There are 8 elements, divided to two groups: A and B. The matroid contains all subsets that have at most two elements of each group. The weights are:

- Group A: 303,302,301,300.
- Group B: 203,202,201,200.

The forward-greedy approach picks 303, 302, 203, 202 - which is optimal. But the reverse-greedy approach removes 200,201,202,203,300,301, and leaves only 302,303.

But, I think the following alternative algorithm should work:

- Start with a set containing all elements.
- As long as the set is not independent, remove the element with minimum weight
*among all elements whose removal leaves a base in the current set*.

So, in the above example, this algorithm removes 200 and 201, but does not remove 202 and 203 (since then no base will remain), then removes 300 and 301, and stops with the maximum-weight independent set.
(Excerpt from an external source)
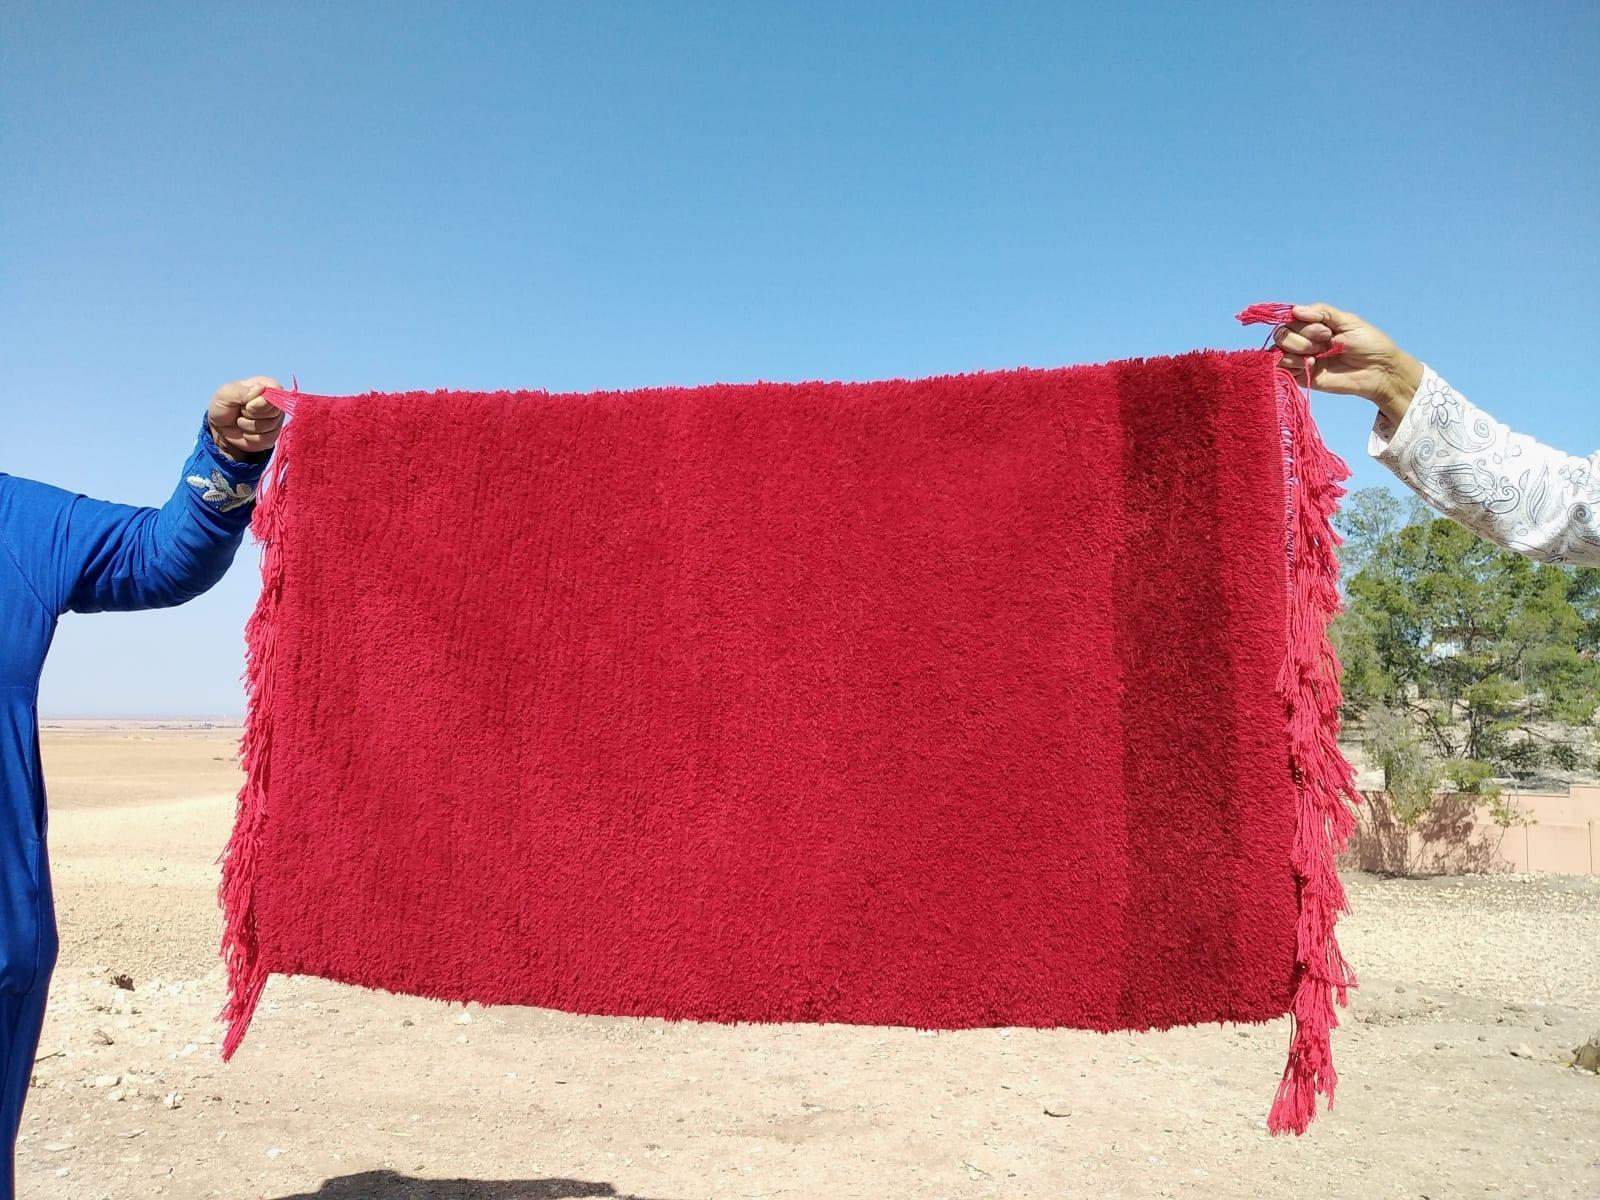 Handmade carpet  Sedda  and Wool Red Morocco

I am not sure about the complexity of this algorithm. Particularly, how much time does it take to calculate whether the current set (after removing an element) contains a base?

###### Asked By : Erel Segal-Halevi

###### Answered By : Yuval Filmus

Let $M$ be a matroid with non-negative weight function $w$ and rank function $r$ (the rank of a set of points $S \subseteq M$ is the maximal size of an independent subset of $S$). Suppose that the matroid has rank $m$. You propose the following algorithm:

- $S = M$.
- While $|S| > m$: remove from $S$ a minimum weight element $x$ such that $r(S-x) = m$.
- Return $S$.

This algorithm clearly returns a base. Let $W(S)$ denote the maximum weight of an independent subset of $S$. We prove by induction on the steps of the algorithm that $W(S) = W(M)$. The base case is clear. For the inductive step, suppose that $S$ contains a base $B$ of weight $W(M)$, and suppose that we removed an element $x \in S$ to obtain the new set $S'$. If $x \notin B$ then clearly $W(S') = W(M)$. Otherwise, let $B'$ be a base contained in $S'$ (which exists by the definition of the algorithm). Since $|B'| > |B-x|$, there exists an element $y \in B' \setminus B$ such that $B'' = B-x+y$ is a base. By definition, $w(y) \geq w(x)$, and so $$W(S') \geq w(B'') = w(B)-w(x)+w(y) \geq w(B) = W(M),$$ completing the proof.

Answering your question, it is a classical result that the rank function can be computed efficiently using an independence oracle. Perhaps you can come up with the algorithm.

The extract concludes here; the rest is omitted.